Fitting 5 folds for each of 36 candidates, totalling 180 fits


### Step 5: Evaluating Optimal Parameters and Model Performance
Identify the best parameters and evaluate model performance.

In [None]:
# Retrieve best parameters
print("Best Parameters:", grid_search.best_params_)

# Evaluate model performance
best_model = grid_search.best_estimator_
accuracy = best_model.score(X_test, y_test)
print(f"Model Test Accuracy: {accuracy:.2f}")

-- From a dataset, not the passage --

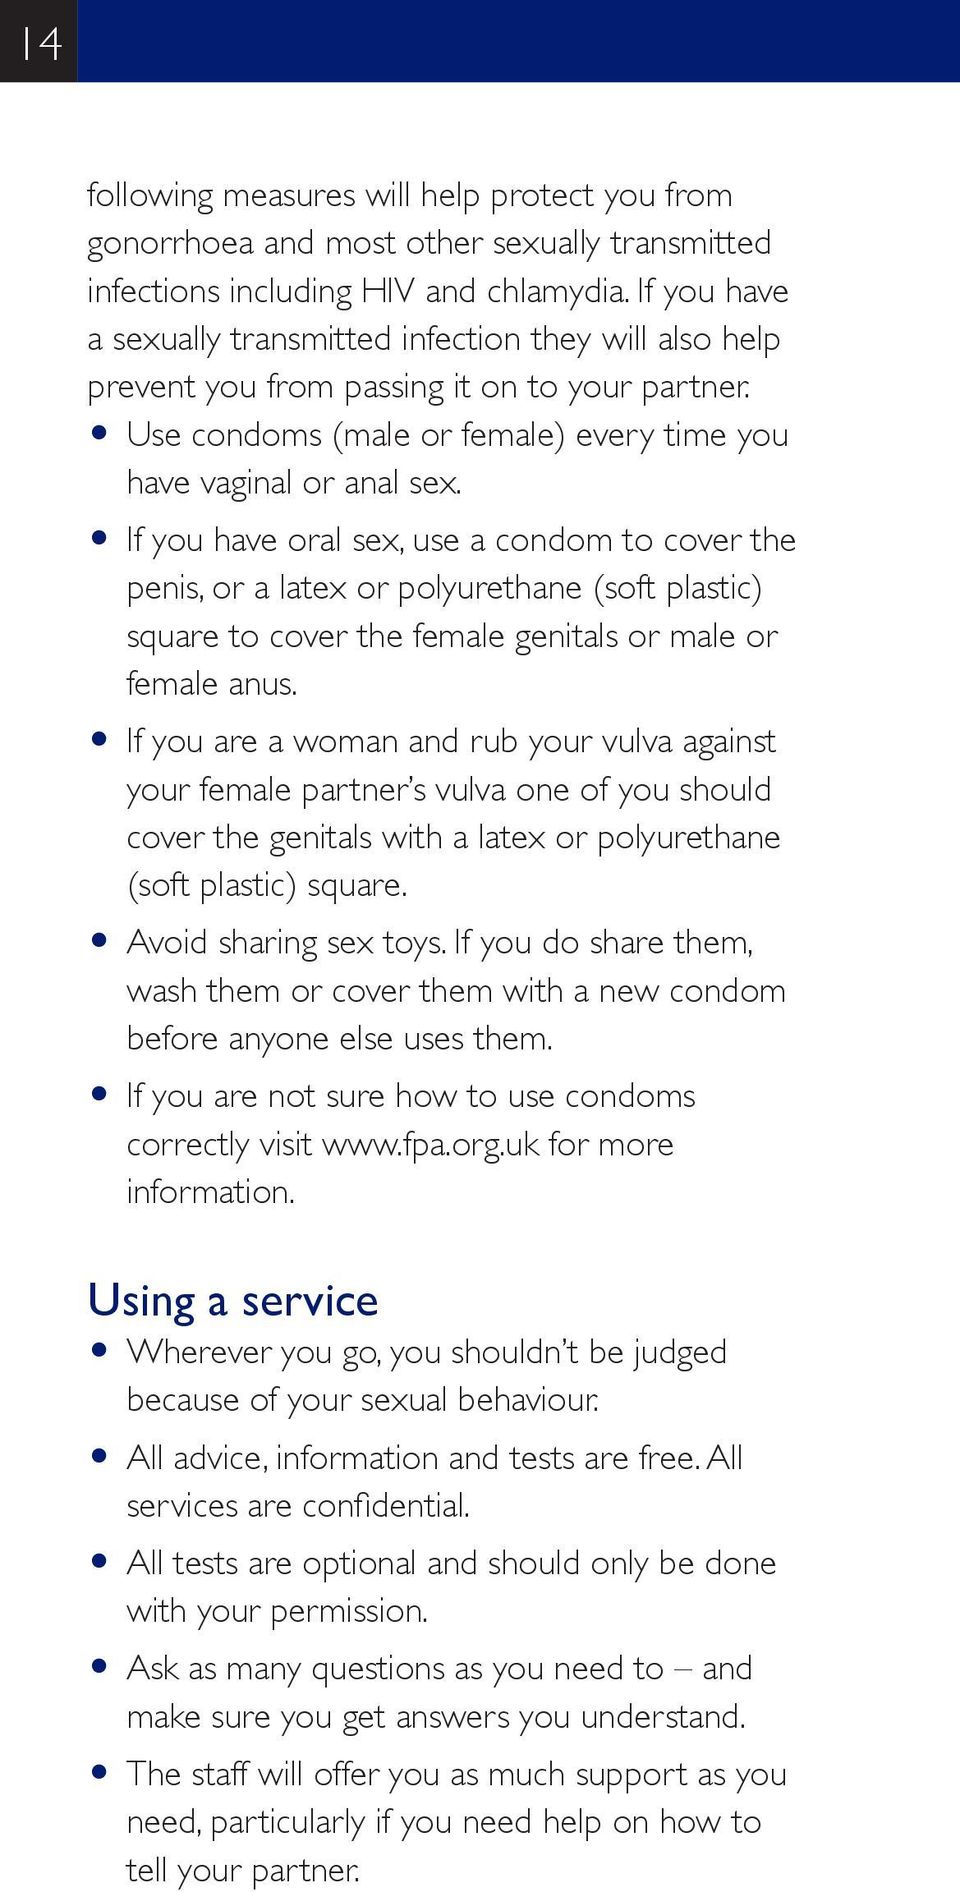 O If you have oral sex, use a condom to cover the penis, or a latex or polyurethane (soft plastic) square to cover the female genitals or male or female anus.

Best Parameters: {'max_depth': 30, 'min_samples_split': 10, 'n_estimators': 50}
Model Test Accuracy: 1.00


## M5L2SC2: Efficient Hyperparameter Tuning with RandomizedSearchCV

### Step 1: Setting Up Your Workspace
Install and import the necessary libraries and modules for the project.

In [None]:
from sklearn.datasets import load_iris
from sklearn.model_selection import train_test_split, RandomizedSearchCV
from sklearn.ensemble import RandomForestClassifier
import numpy as np


### Step 2: Preparing Your Dataset
Load the Iris dataset and partition it into training and testing sets.


In [None]:
# Load the Iris dataset
iris = load_iris()
X = iris.data
y = iris.target

# Split data into training and testing sets
X_train, X_test, y_train, y_test = train_test_split(X, y, test_size=0.3, random_state=42)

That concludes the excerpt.